Ian yang ditanya oleh dokter, dan setelah tenggorokannya dialiri air mulai bisa berbicara perlahan, "Kepala."

"Sakitnya bagaimana?"

"Perih."

Dokter menoleh pada Ray, "Obat pereda nyeri saat dia menjalani operasi sudah berangsur hilang dan tentu saja bekas operasi itu akan terasa sakit. Saya akan meresepkan obat pereda sakit yang ringan untuk mengurangi rasa sakitnya."

"Apakah tidak membahayakan dirinya?" tanya Ray dengan nada kuatir yang masih belum hilang.

"Tidak, kami akan memberikan dosis yang aman."

"Baiklah."

Claire hanya mengangguk dan mengucap terima kasih pada dokter itu, dia tidak tahu harus bertanya atau mengatakan apa, karena Ray sudah mendominasi dan dia bisa melihat kekuatiran Ray pada Ian adalah tulus.

"Daddy." Panggil Ian pada Ray yang membuat Claire terpana, bagaimana anaknya bisa langsung mengenali Ray?

"Ya, sayang....Ian jangan banyak bicara dulu, Ian masih harus banyak berisitirahat supaya cepat sehat kembali. Ian lihat mommy dan daddy begitu kuatir melihat keadaan Ian sekarang."

Ian melihat kearah Claire, "Maafin Ian mom." Bisiknya

Claire tidak sanggup lagi menahan airmatanya, dia langsung memeluk Ian, "Mommy yang salah, tidak menjaga Ian dengan baik, sampai Ian terluka. Sekarang Ian harus cepat sembuh supaya tidak membuat mommy kuatir lagi."

Ian mengangguk, "Mommy ini daddy Ian." Kata Ian pada Claire membuat airmata Claire kembali menetes.

"Ya, dia daddy Ian. Sekarang Ian sudah bisa merasakan pelukan daddy." Kata Claire membuat Ray langsung memeluk putranya, "Maafkan daddy yang tidak bisa menjaga kalian dengan baik, membuatmu terluka dan membuat mommy bersedih."

Ian tersenyum, "Ini bukan mimpi kan mommy?"

"Bukan sayang, ini bukan mimpi." Claire tidak dapat mengungkapkan perasaannya, dia bahagia melihat senyum pada bibir Ian, apakah keputusannya ini sudah benar?.

"Ian lapar?" tanya Claire bertanya pada putranya yang sejak kemarin hanya mengandalkan infuse sebagai sumber nutrinya.

Ian mengangguk, "Mommy turun dulu mencarikanmu makanan, Ian tidur dulu ya." Clarie mau meninggalkan Ian tetapi tangannya ditahan Ray, "Tidak perlu, aku sudah meminta mereka mengirimkan sup ayam untuk Ian."
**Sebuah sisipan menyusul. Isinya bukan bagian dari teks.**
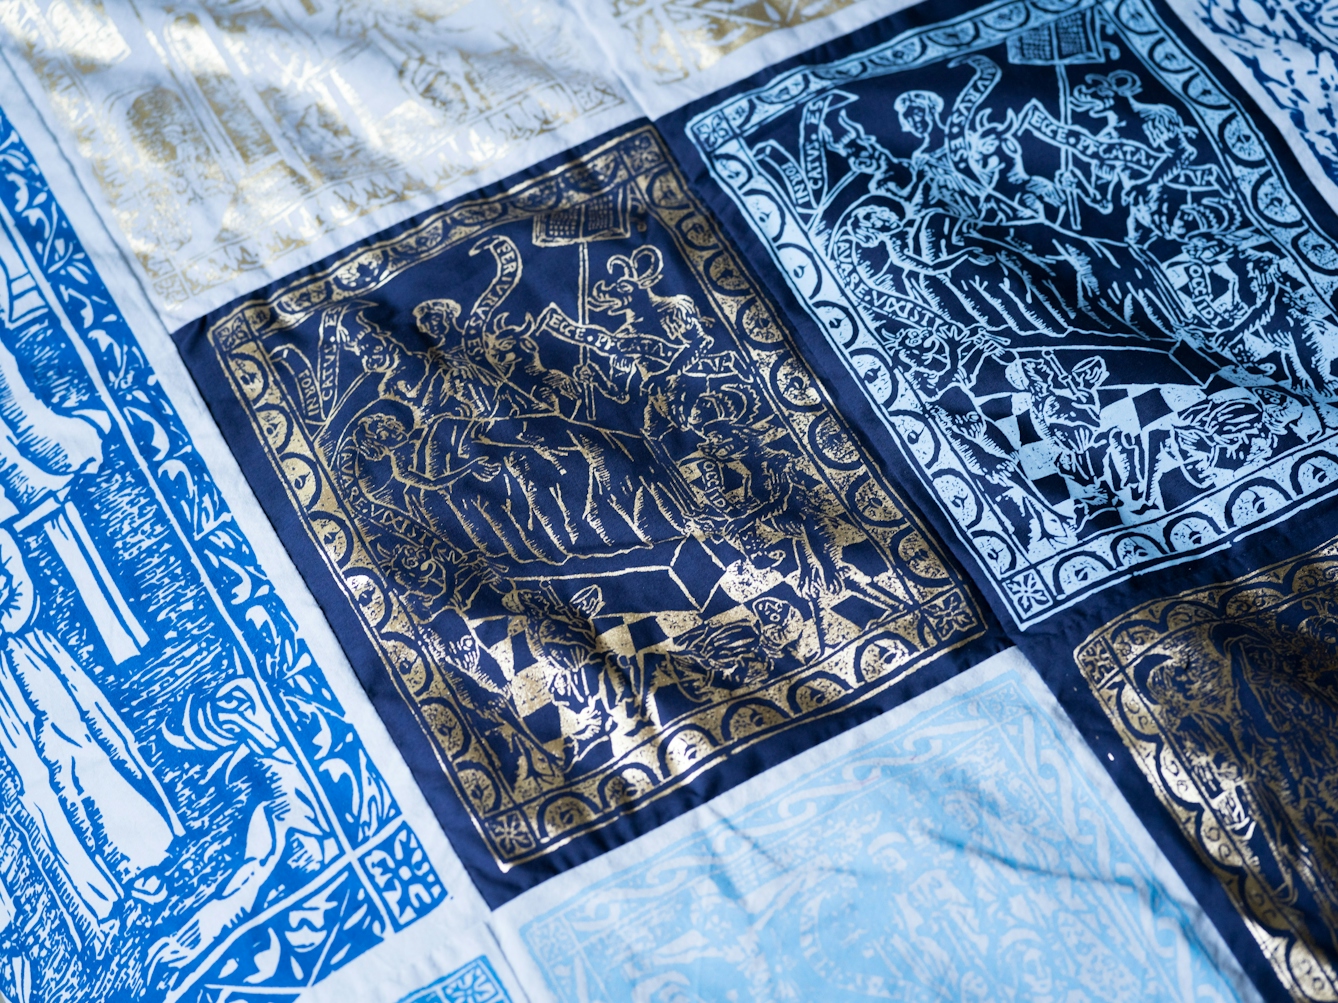 Photograph of a close up of a duvet cover which is made of a patchwork of blue, silver and gold screen-printed designs.

Claire menatap Ray dan menarik tangannya, "Terima kasih."

Ray menatap Claire yang menarik tangannya dari genggamnya, dia menyukai dan menikmati memegang tangan Claire tadi, "Aku juga sudah memesankan makanan untuk kita, sata ini bukan hanya Ian yang butuh makan, kita berdua juga. Pergilah membersihkan dirimu dulu, aku akan menjaga Ian." Kata Ray pada Claire.
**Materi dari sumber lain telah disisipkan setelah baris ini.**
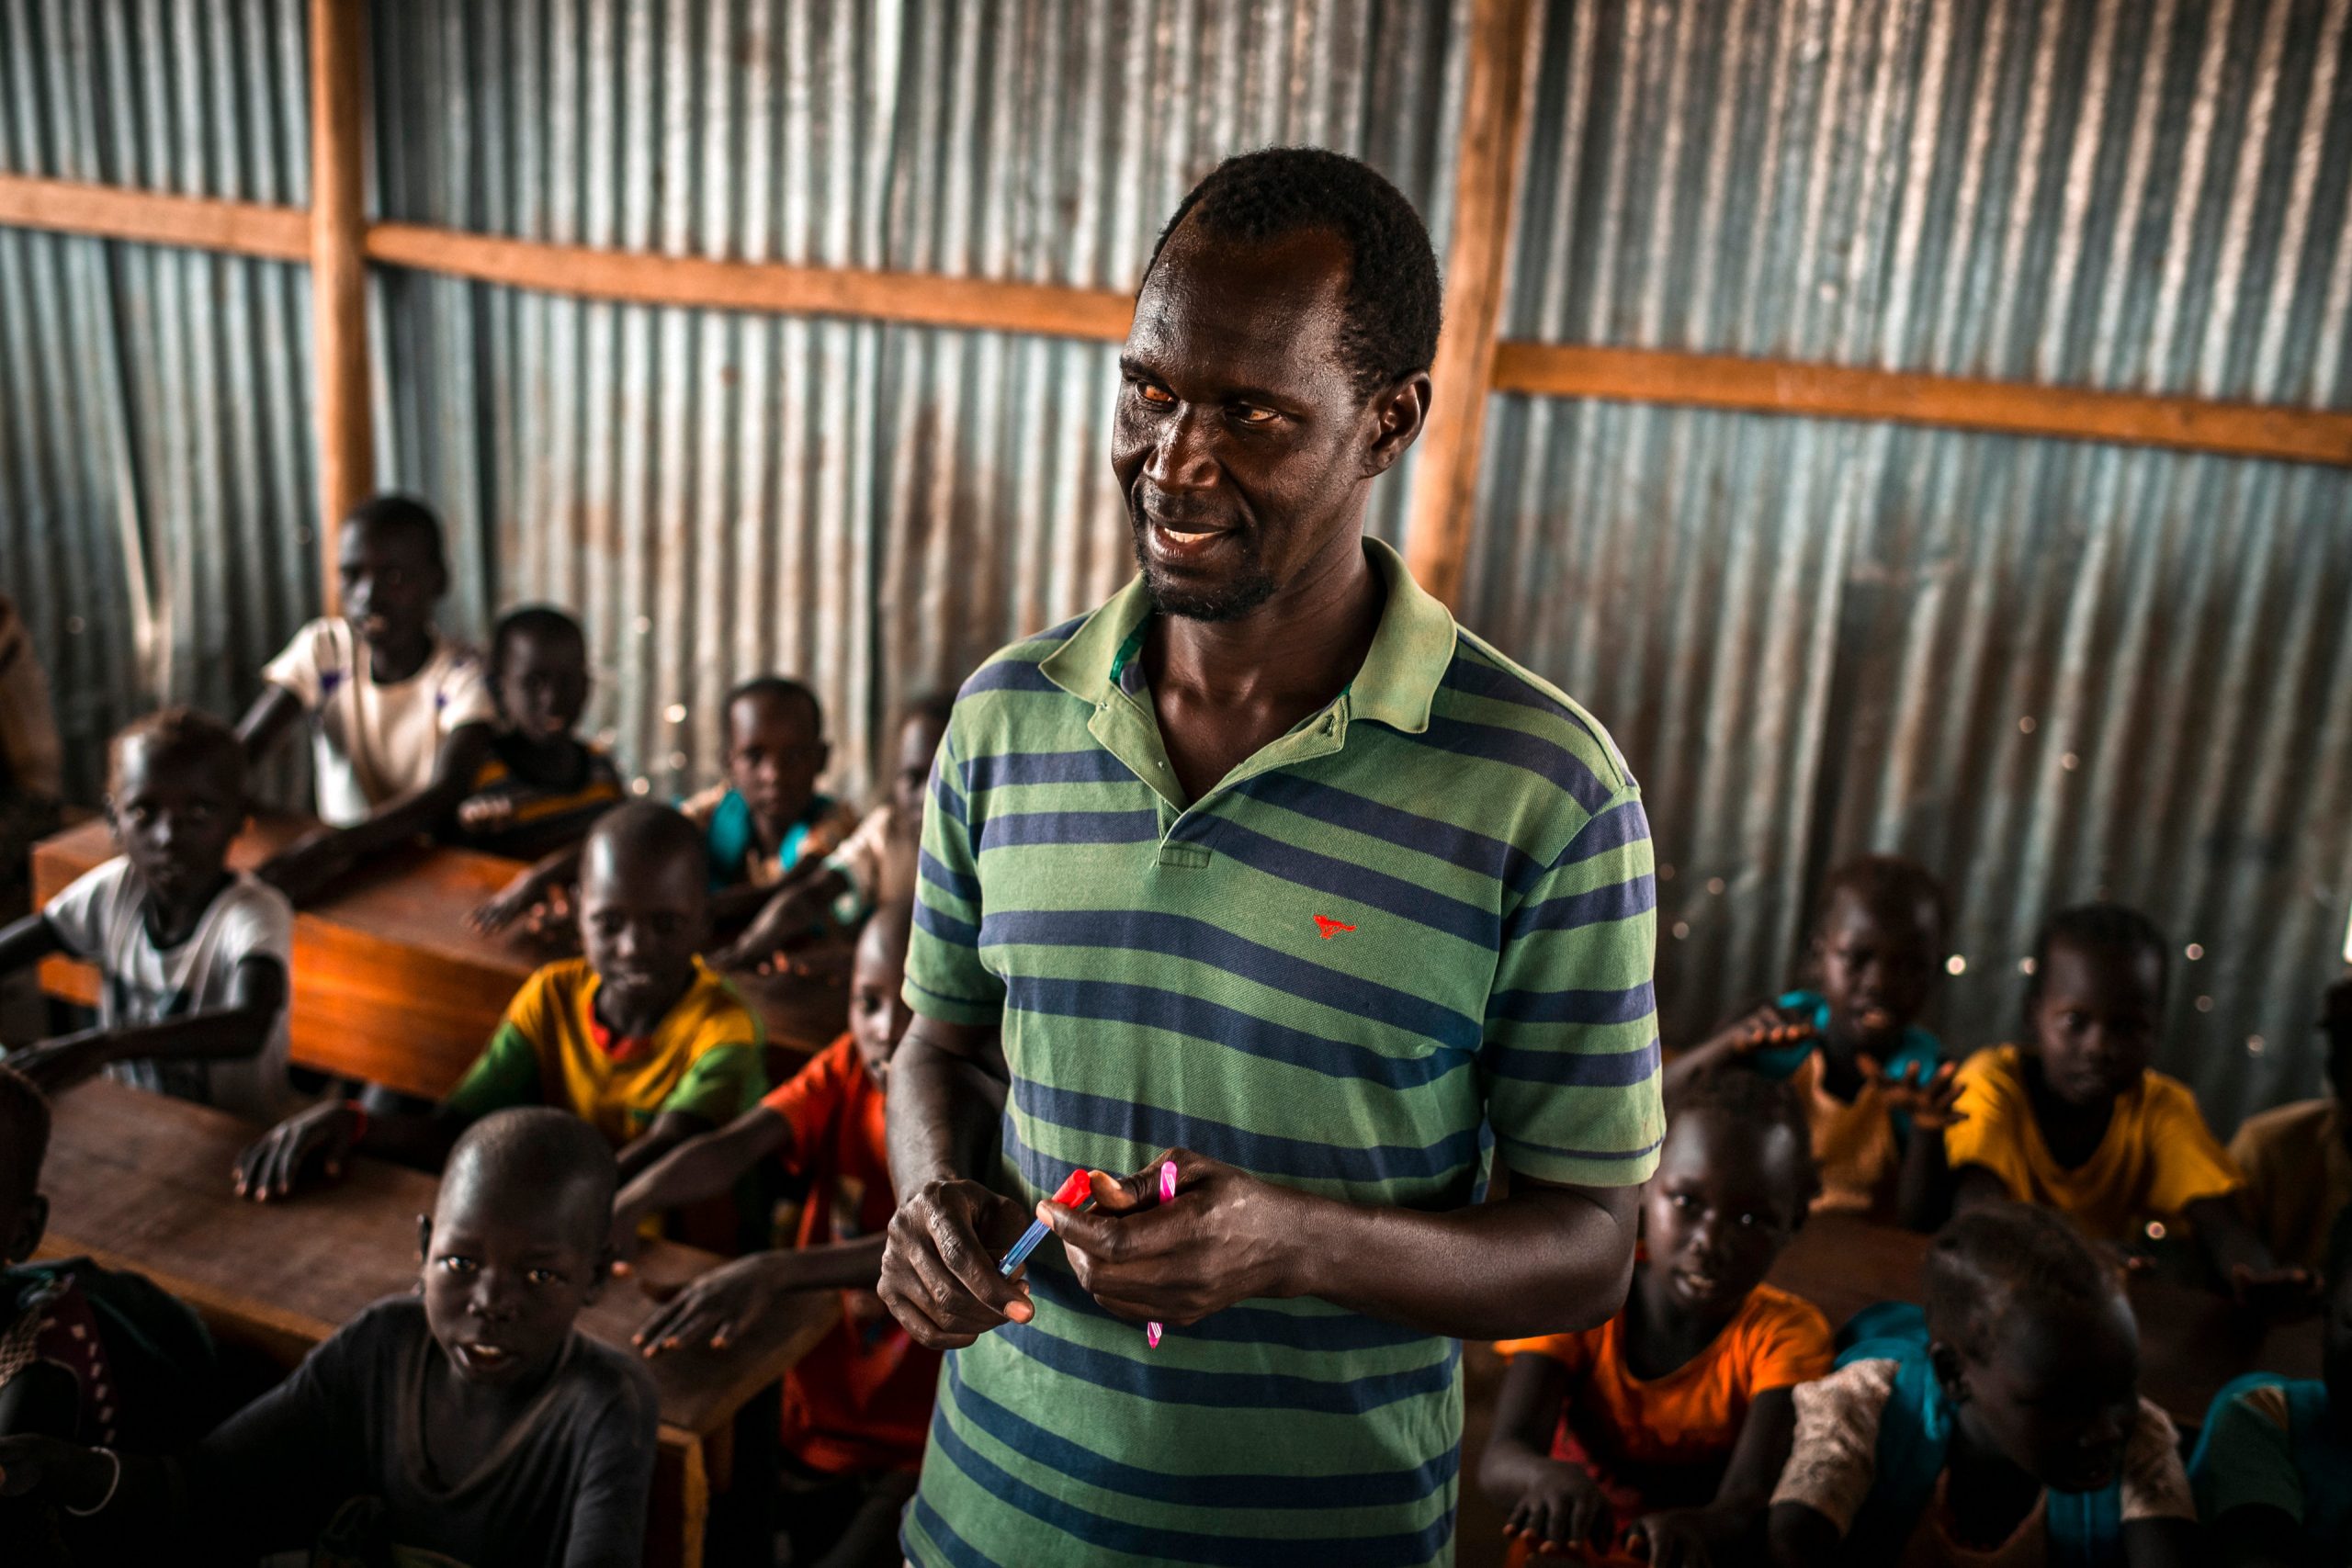 Quality vs Quantity: The challenges of providing education to refugees in Kenya

Claire mengangguk dan pergi menuju ruang tamu untuk membuka koper yang disiapkannya dan mengambil beberapa perlengkapan mandi dan baju bersih sebelum menghilang kedalam kamar mandi.

"Ian harus cepat sembuh supaya tidak membuat mommy dan daddy kuatir lagi." kata Ray yang langsung mendapat anggukan dari Ian sambil meringis. Luka bekas operasi yang ada disamping kepalanya tentu ikut tertarik saat dia mengangguk tadi.
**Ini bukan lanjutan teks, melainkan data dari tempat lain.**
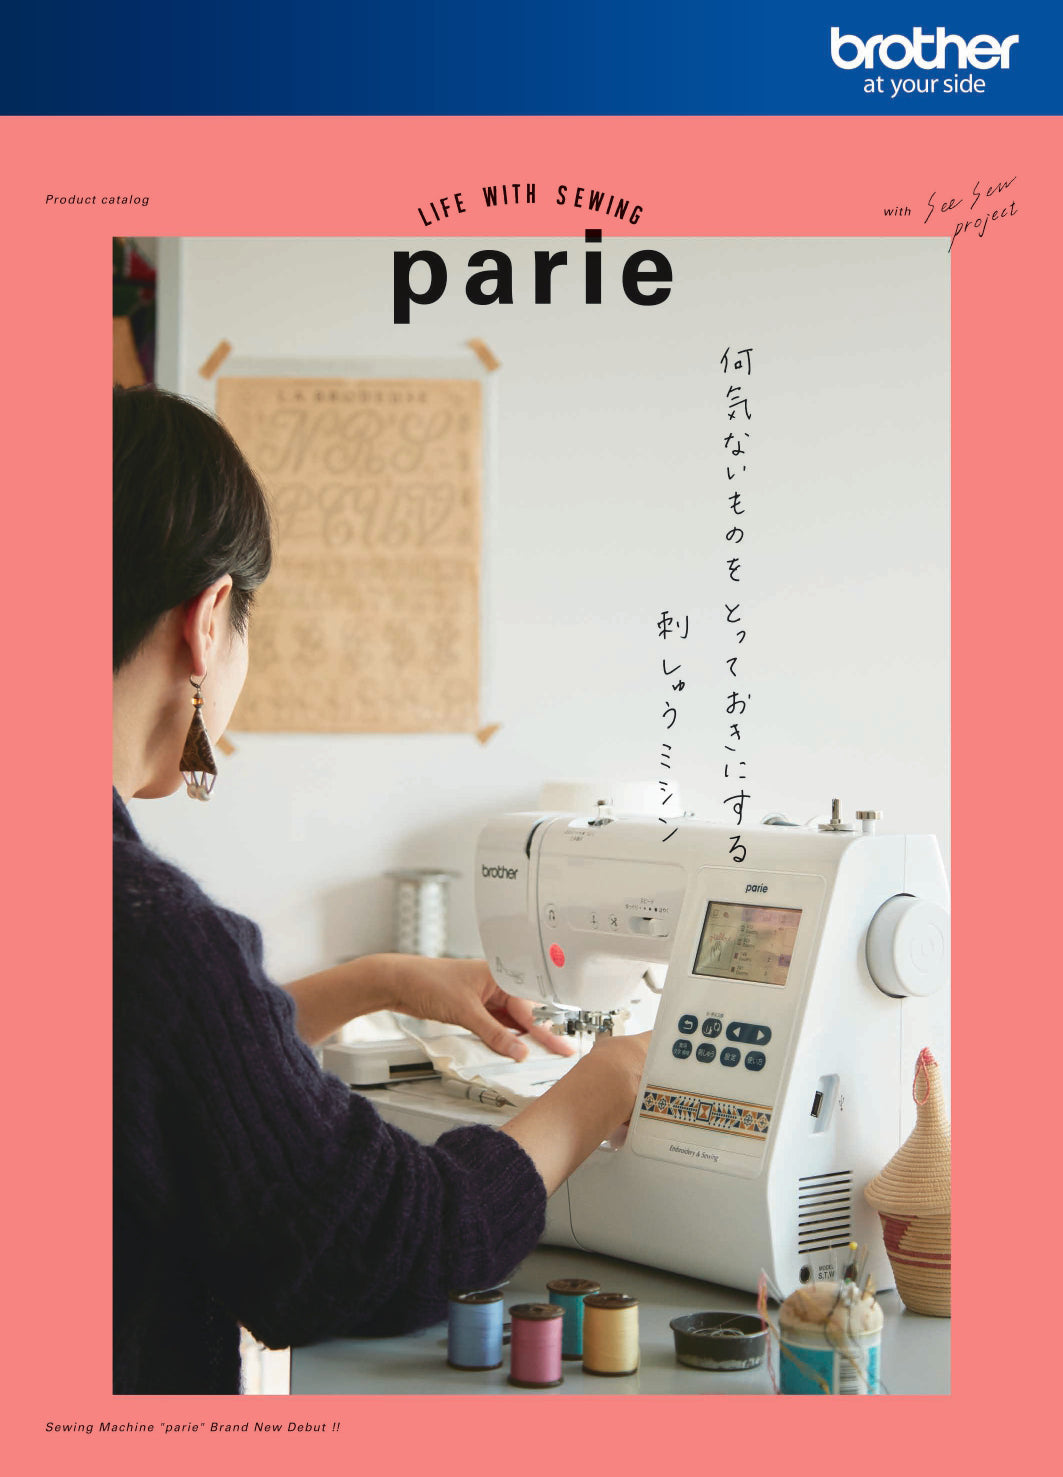 brotherコンピューターミシン Parie

"Ian senang bisa ketemu daddy lagi? Apakah Ian kangen sama daddy?" tanya Ray lagi.

"Ya, senang." jawab Ian.

Seseorang mengetuk pintu kamar itu, belum sempat Ray mengijinkan orang itu masuk, Monica dan Stevano sudah masuk dan langsung mendekati Ian, "Ian sudah sadar?" grandma sangant kuatir sama Ian.

"Grandma cantik?" sapa Ian pada Monica, membuat Monica tersenyum. "Iya, mulai sekarang grandma cantik adalah grandma Ian dan ini grandpa Ian."

"Grandpa jangan buat grandma kesal dan sedih." kata Ian pada Stevano membuat Monica dan Ray tetawa.

"Mana Claire?"tanya Monica saat menyadari jika dia tidak melihat Claire disana.

"Aku menyuruhnya membersihkan diri." Ray baru mengakhir perkataannya ketika Claire keluar dari kamar mandi dengan pakaian yang sudah bersih.

"Maaf." Katanya pada kedua orang yang tidak dikenalnya.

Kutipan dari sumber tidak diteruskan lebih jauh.